Thanks, I couldn’t find the answer using the forum search. I’m bit afraid that 5.4 may be too old for this HW, but I’d like to try. However encountered this issue when running your command:

 grub-btrfs-4.8.1...    23.5 KiB  23.0 MiB/s 00:00 [----------------------]  65%
error: failed retrieving file 'paleofetch-garuda-r3.6471340-1-x86_64.pkg.tar.zst' from builds.garudalinux.org : Maximum file size exceeded
error: failed retrieving file 'paleofetch-garuda-r3.6471340-1-x86_64.pkg.tar.zst' from repo.kitsuna.net : Operation too slow. Less than 1 bytes/sec transferred the last 10 seconds
error: failed retrieving file 'paleofetch-garuda-r3.6471340-1-x86_64.pkg.tar.zst' from chaotic.tn.dedyn.io : Maximum file size exceeded
error: failed retrieving file 'paleofetch-garuda-r3.6471340-1-x86_64.pkg.tar.zst' from repo.jkanetwork.com : Maximum file size exceeded
error: failed retrieving file 'paleofetch-garuda-r3.6471340-1-x86_64.pkg.tar.zst' from chaotic.dr460nf1r3.me : Maximum file size exceeded
error: failed retrieving file 'paleofetch-garuda-r3.6471340-1-x86_64.pkg.tar.zst' from chaotic.bangl.de : Maximum file size exceeded
error: failed retrieving file 'paleofetch-garuda-r3.6471340-1-x86_64.pkg.tar.zst' from mirror.maakpain.kro.kr : Maximum file size exceeded
warning: failed to retrieve some files
error: failed to commit transaction (download library error)
Errors occurred, no packages were upgraded.
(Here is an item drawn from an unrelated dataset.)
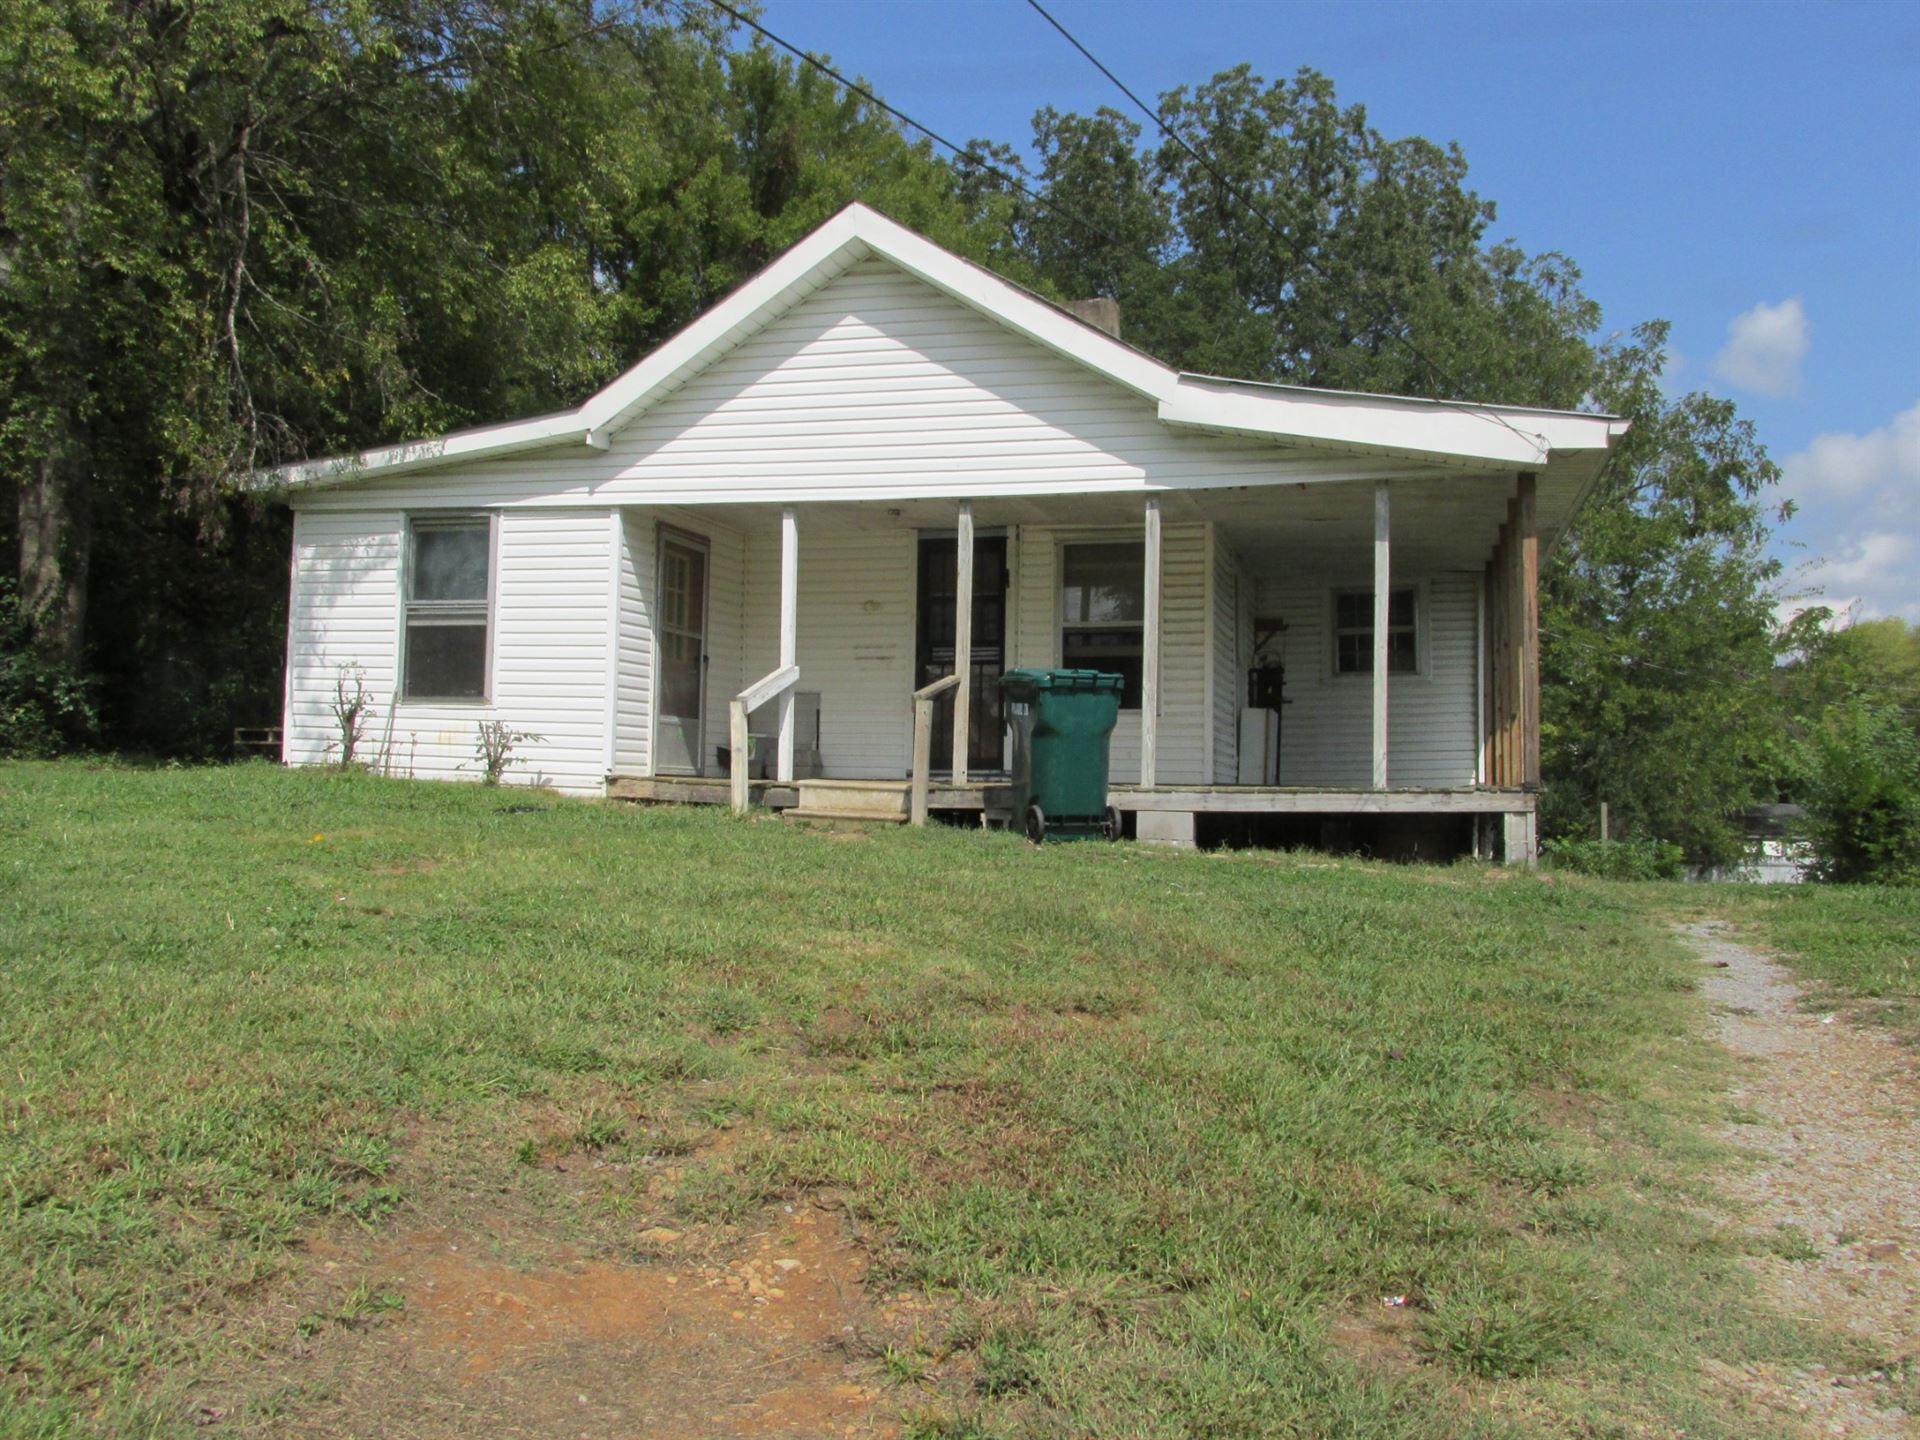 654 E Jefferson St, Pulaski, TN 38478 - MLS#: 2193397
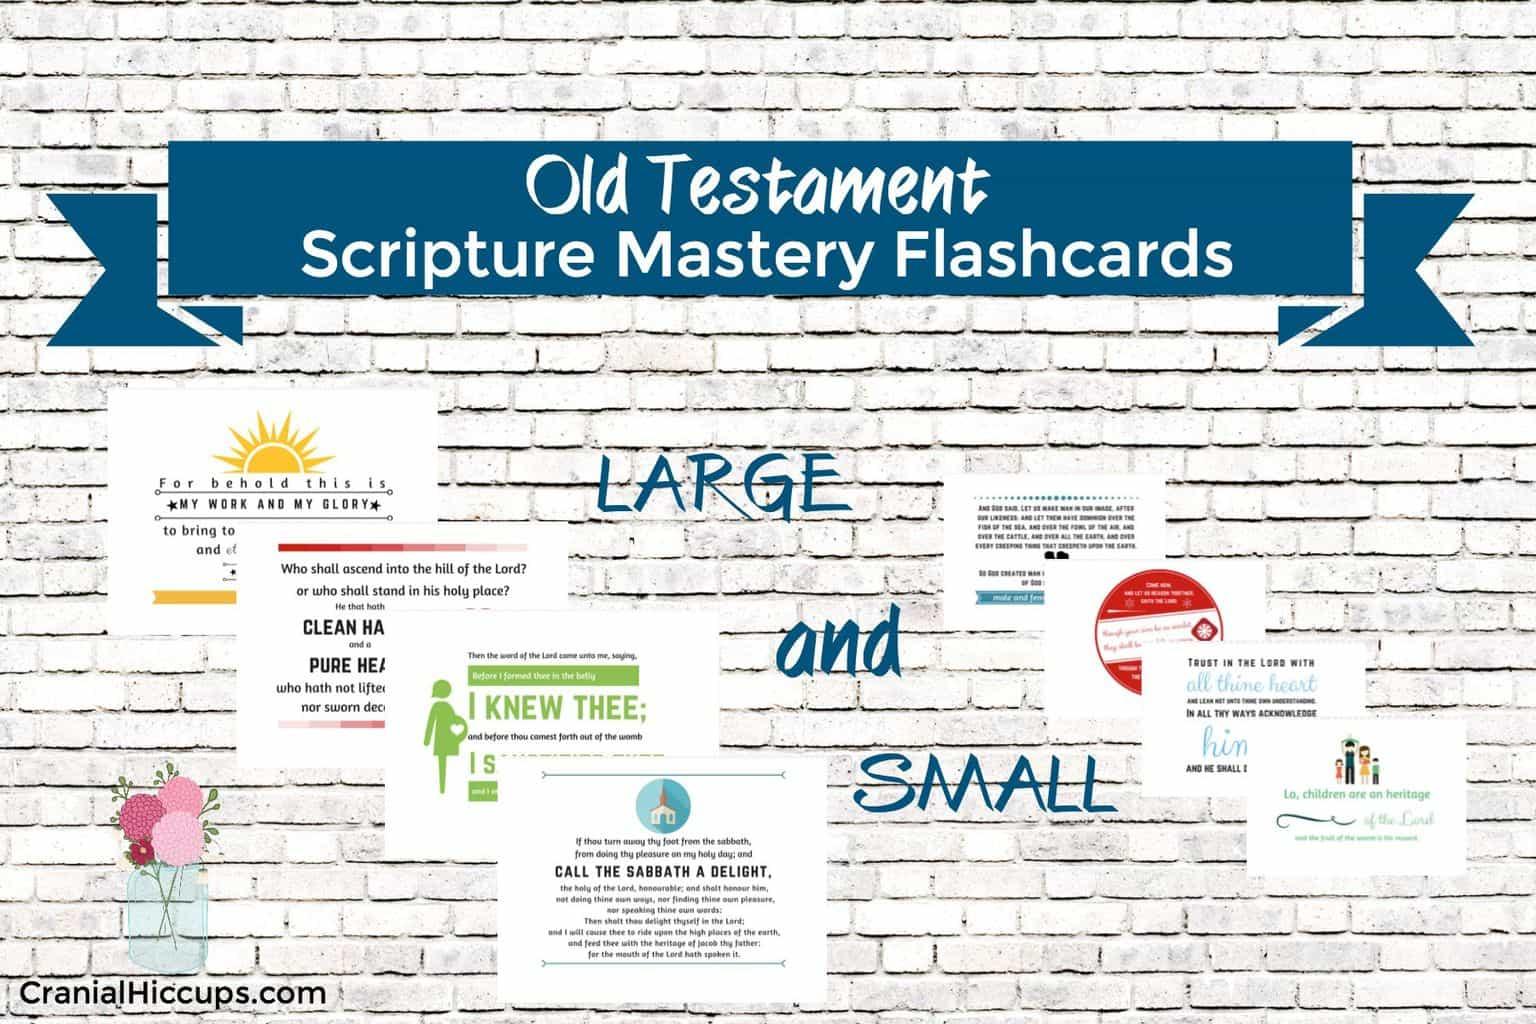 Old Testament Pseudepigrapha Ivrejected Scriptures

I thought it can be problem with my mirror, so I modified /etc/pacman.d/mirrorlist and added Server = https://mirrors.kernel.org/archlinux/$repo/os/$arch, however it doesn’t change anything. Maybe this issue is related, but I don’t understand what they mean by using Y/y.

Update your mirrorlist by ranking world servers:

sudo reflector --sort age --save /etc/pacman.d/mirrorlist

Or, by country (if your country has multiple fast servers):

sudo reflector --country US --latest 15 --age 2 --fastest 20 --protocol https --sort rate --save /etc/pacman.d/mirrorlist

You can also test other kernels and headers if you feel older is a poor choice. Some alternate choices might be linux-mainline, linux-zen, or simply linux.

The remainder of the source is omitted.